What Coding Language Do AI Agents Prefer?#
Suppose I’m about to hand a real chunk of work to a coding agent. Pick a language for the project. Which one minimizes my regret? Time spent troubleshooting is time wasted. I could code it myself, but that means I’m spending less time on project I’m actually interested in. So does a will “Most likely just works” setup look like?
Digging into the “AI prefers X language” rankings online is actually more complicated than I thought. I found the research papers on McEval, AutoCodeBench, and TerminalBench. The trouble is that the accompanying benchmarks underneath them are answering three different questions, and the question closest to what an agent actually does turns out to be the one we have the least public data on… Well at least I couldn’t find a decent sized data set. If someone has please send it my way.

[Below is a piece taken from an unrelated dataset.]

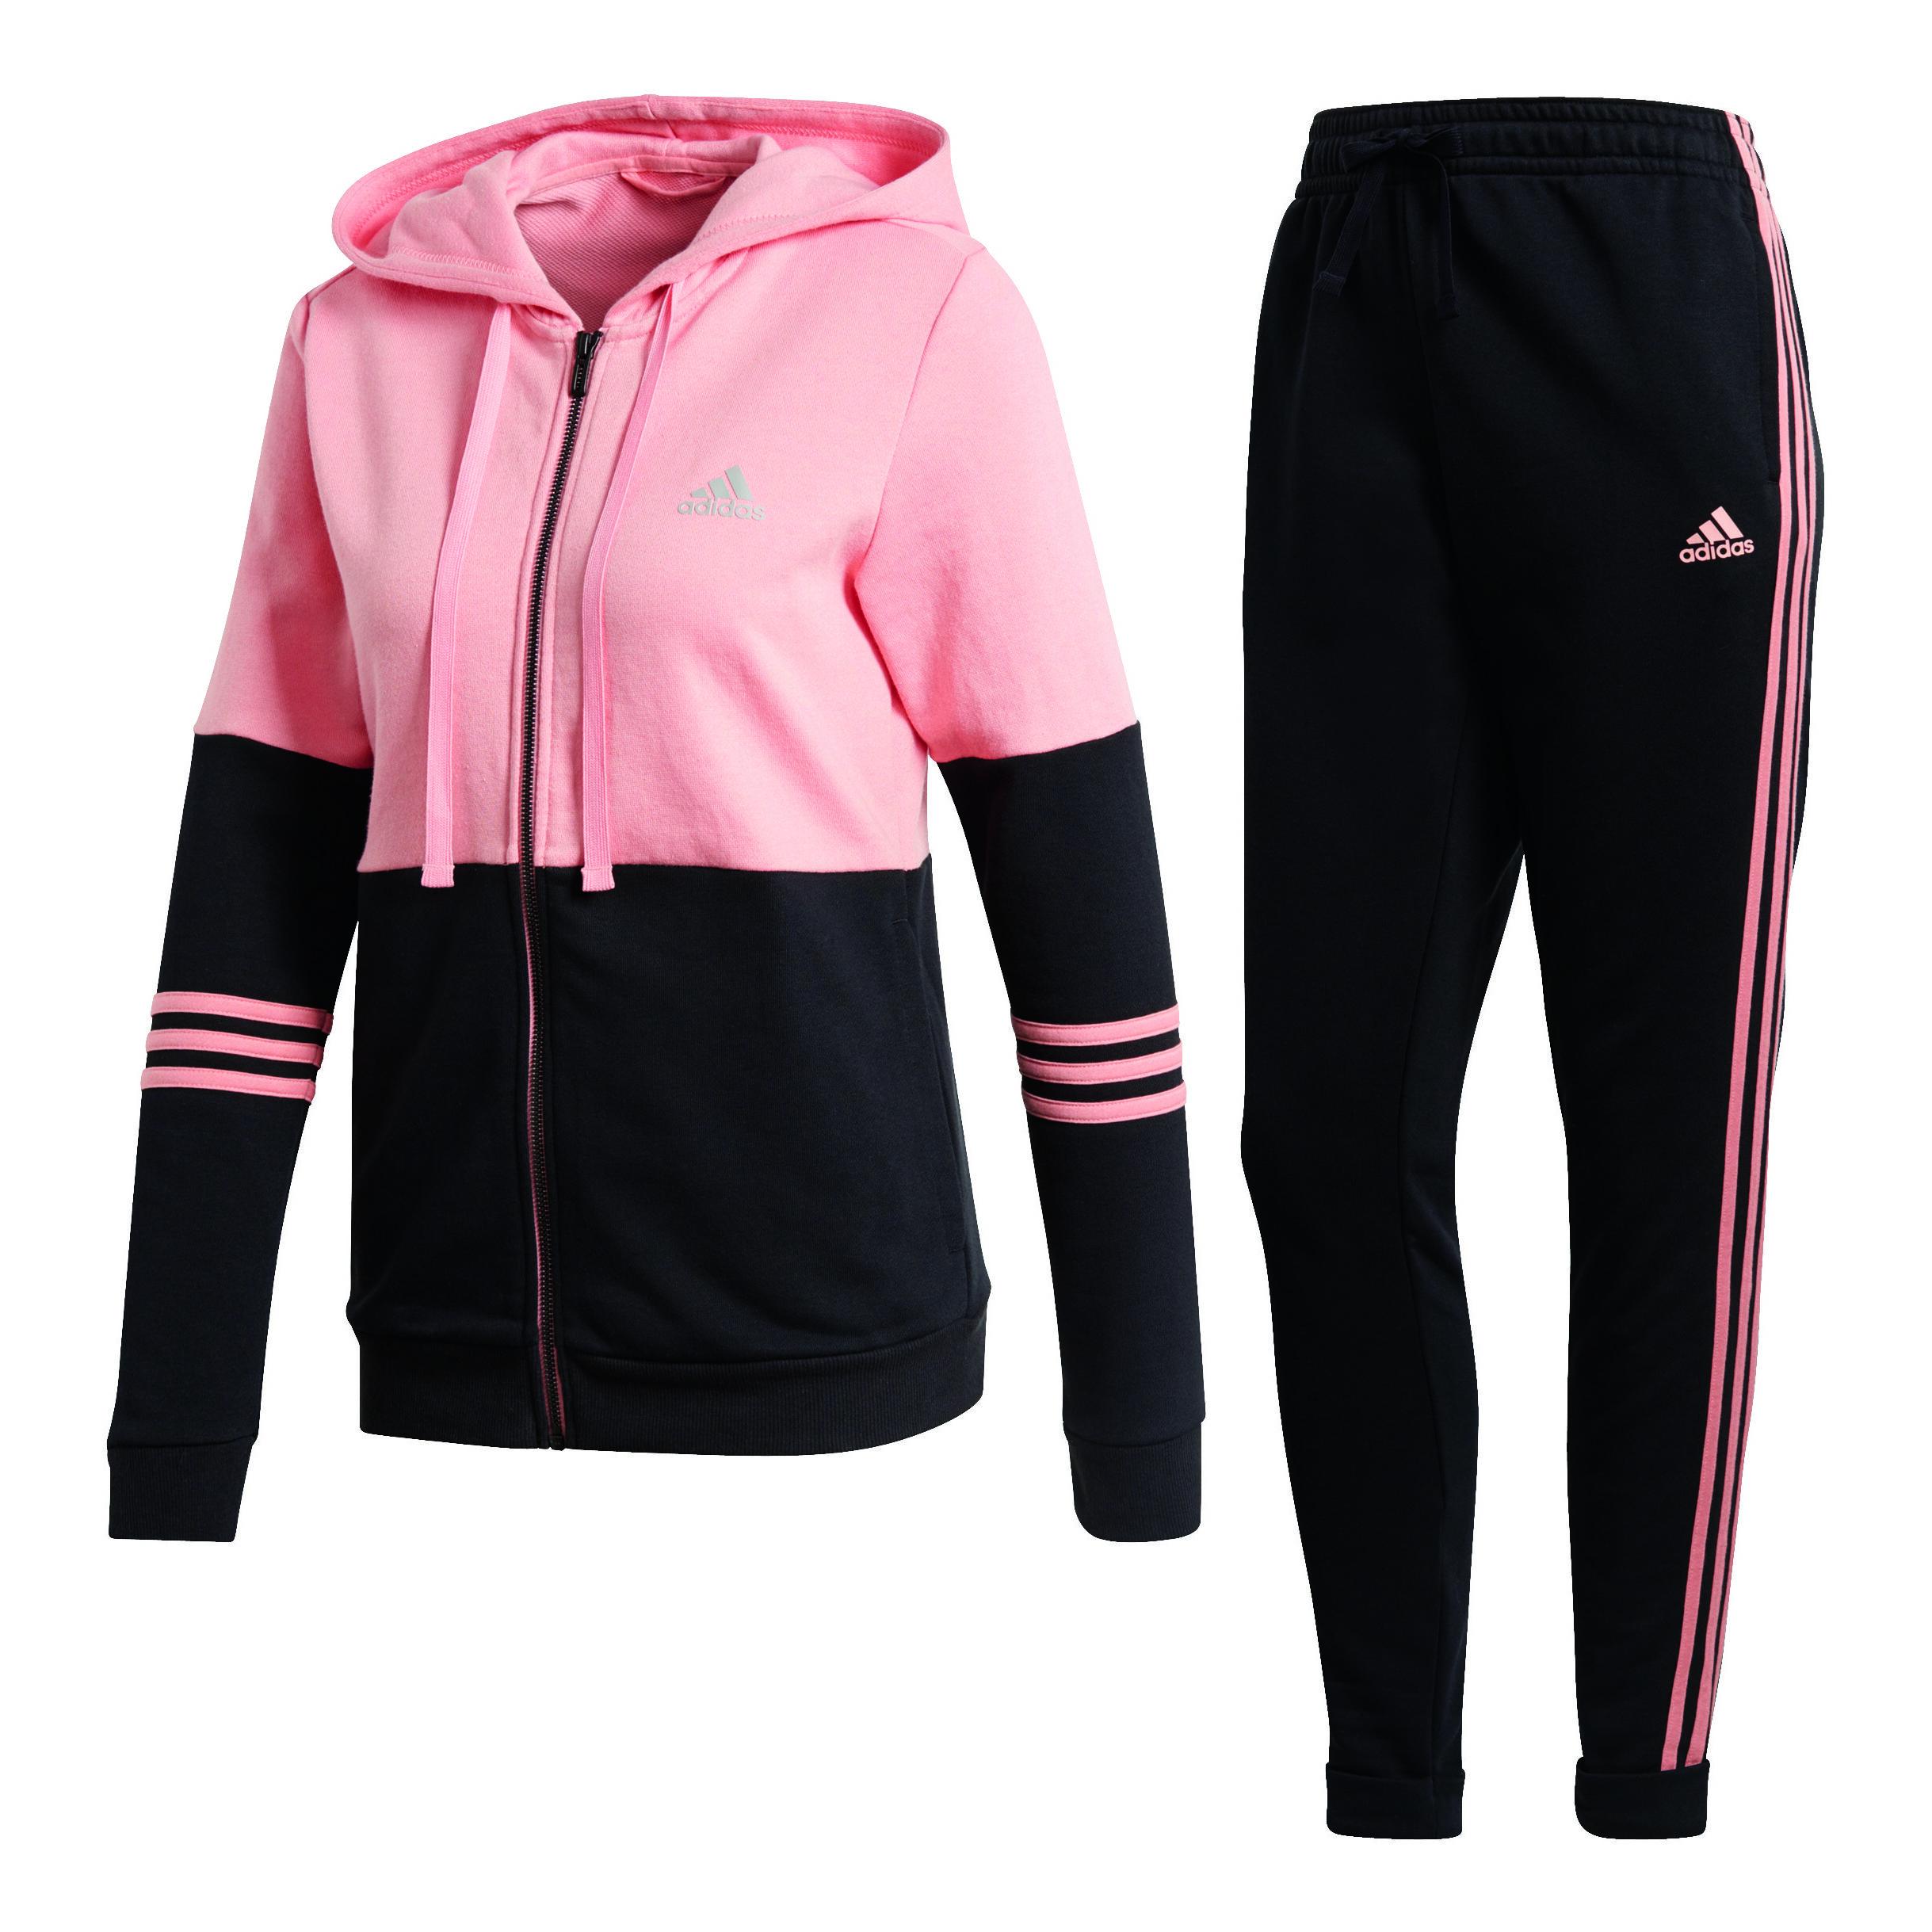 adidas Co Energize Trainingsanzug Damen - Rosa, Schwarz ...

McEval — pass@1 across forty languages#
McEval was one of the first serious attempt to grade coding models across many languages — forty of them, around 16K test samples covering code generation, completion, and explanation.
Headline scores: GPT-4o leads at 65.2% average pass@1, GPT-4 Turbo at 63.4%, GPT-3.5 Turbo at 52.6%, across 23 tested models. The languages where GPT-4o clears 80% pass@1 cluster around statically typed and multi-paradigm targets. Haskell, Kotlin, Swift, Rust, CoffeeScript, Java, and Groovy all sit in that band. Markup and lower-resource languages — HTML, Markdown, Fortran — sit at the bottom of the table. Models tilt toward object-oriented and multi-paradigm languages over functional and procedural ones.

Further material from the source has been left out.